If we can't remember what method we used, we simply use

```
summary(res)
```

which will return `"Nelder Mead"`

. A bit more useful information is the minimizer and minimum of the objective functions, which can be found using

```
julia> Optim.minimizer(res)
3-element Array{Float64,1}:
-0.499921
-0.3333
-1.49994
julia> Optim.minimum(res)
-2.8333333205768865
```

### Complete list of functions

A complete list of functions can be found below.

Defined for all methods:

`summary(res)`

`minimizer(res)`

`minimum(res)`

`iterations(res)`

`iteration_limit_reached(res)`

`trace(res)`

`x_trace(res)`

`f_trace(res)`

`f_calls(res)`

`converged(res)`

Defined for univariate optimization:

`lower_bound(res)`

`upper_bound(res)`

`x_lower_trace(res)`

`x_upper_trace(res)`

`rel_tol(res)`

`abs_tol(res)`

Defined for multivariate optimization:

`g_norm_trace(res)`

`g_calls(res)`

`x_converged(res)`

`f_converged(res)`

`g_converged(res)`

`initial_state(res)`

## Input types

Most users will input `Vector`

's as their `initial_x`

's, and get an `Optim.minimizer(res)`

out that is also a vector. For zeroth and first order methods, it is also possible to pass in matrices, or even higher dimensional arrays. The only restriction imposed by leaving the `Vector`

case is, that it is no longer possible to use finite difference approximations or automatic differentiation. Second order methods (variants of Newton's method) do not support this more general input type.

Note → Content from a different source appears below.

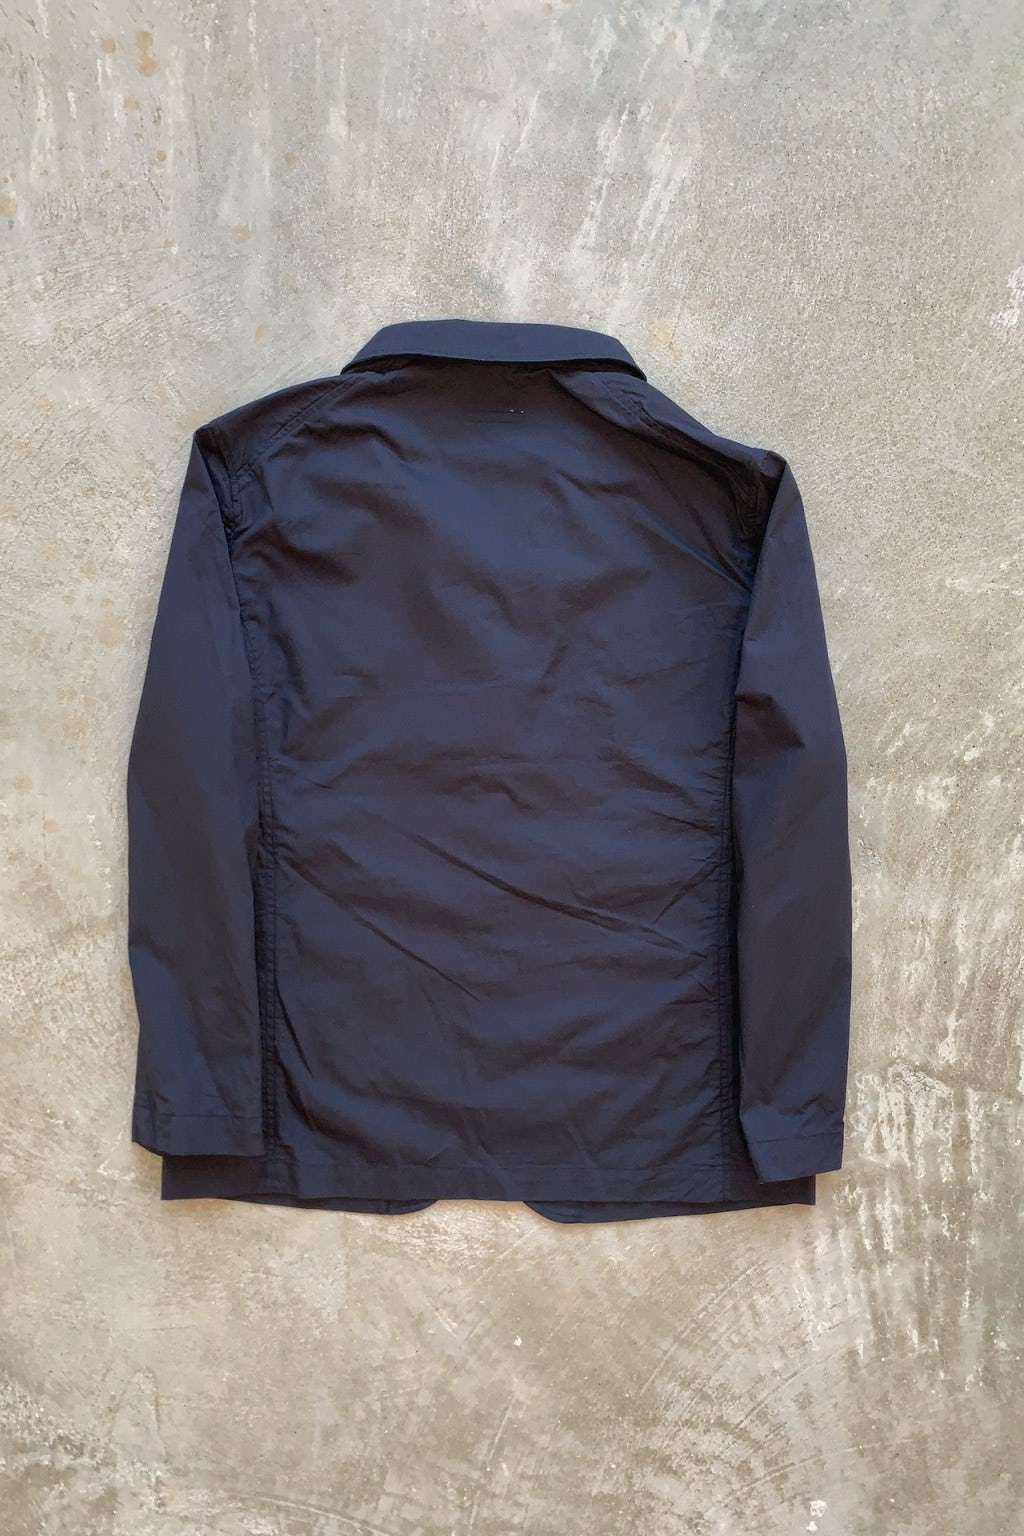 Engineered Garments New Bedford Dark Navy Highcount Twill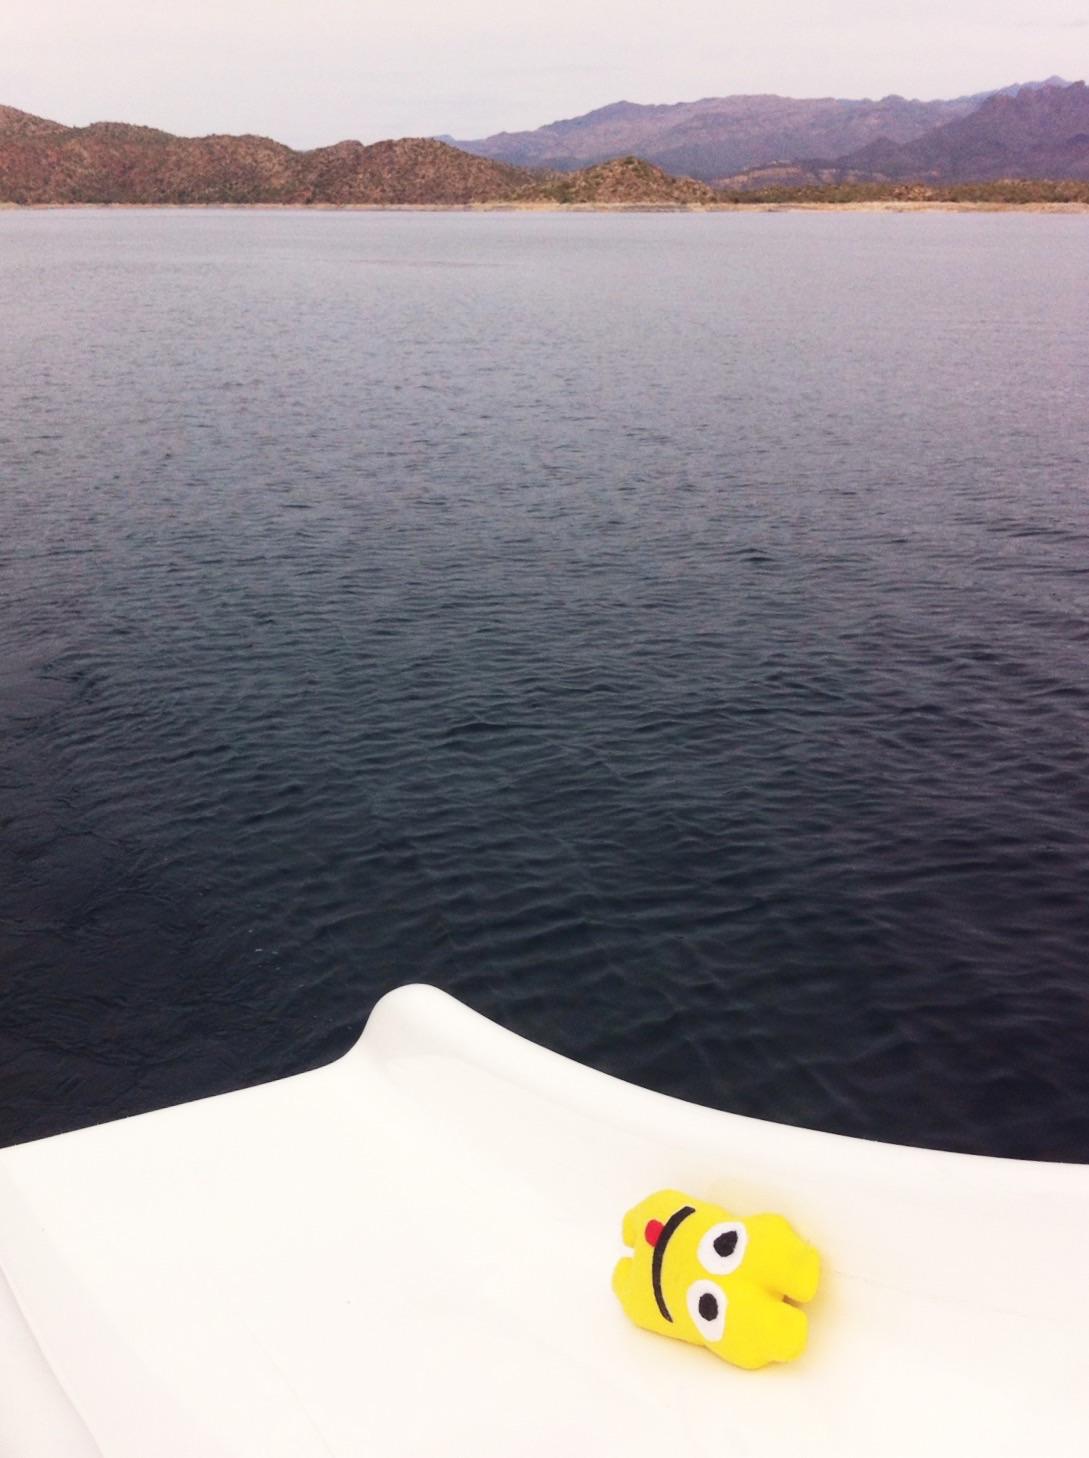 Bartlett Lake Marina Boat waterslide

## Notes on convergence flags and checks

Currently, it is possible to access a minimizer using `Optim.minimizer(result)`

even if all convergence flags are `false`

. This means that the user has to be a bit careful when using the output from the solvers. It is advised to include checks for convergence if the minimizer or minimum is used to carry out further calculations.

A related note is that first and second order methods makes a convergence check on the gradient before entering the optimization loop. This is done to prevent line search errors if `initial_x`

is a stationary point. Notice, that this is only a first order check. If `initial_x`

is any type of stationary point, `g_converged`

will be true. This includes local minima, saddle points, and local maxima. If `iterations`

is `0`

and `g_converged`

is `true`

, the user needs to keep this point in mind.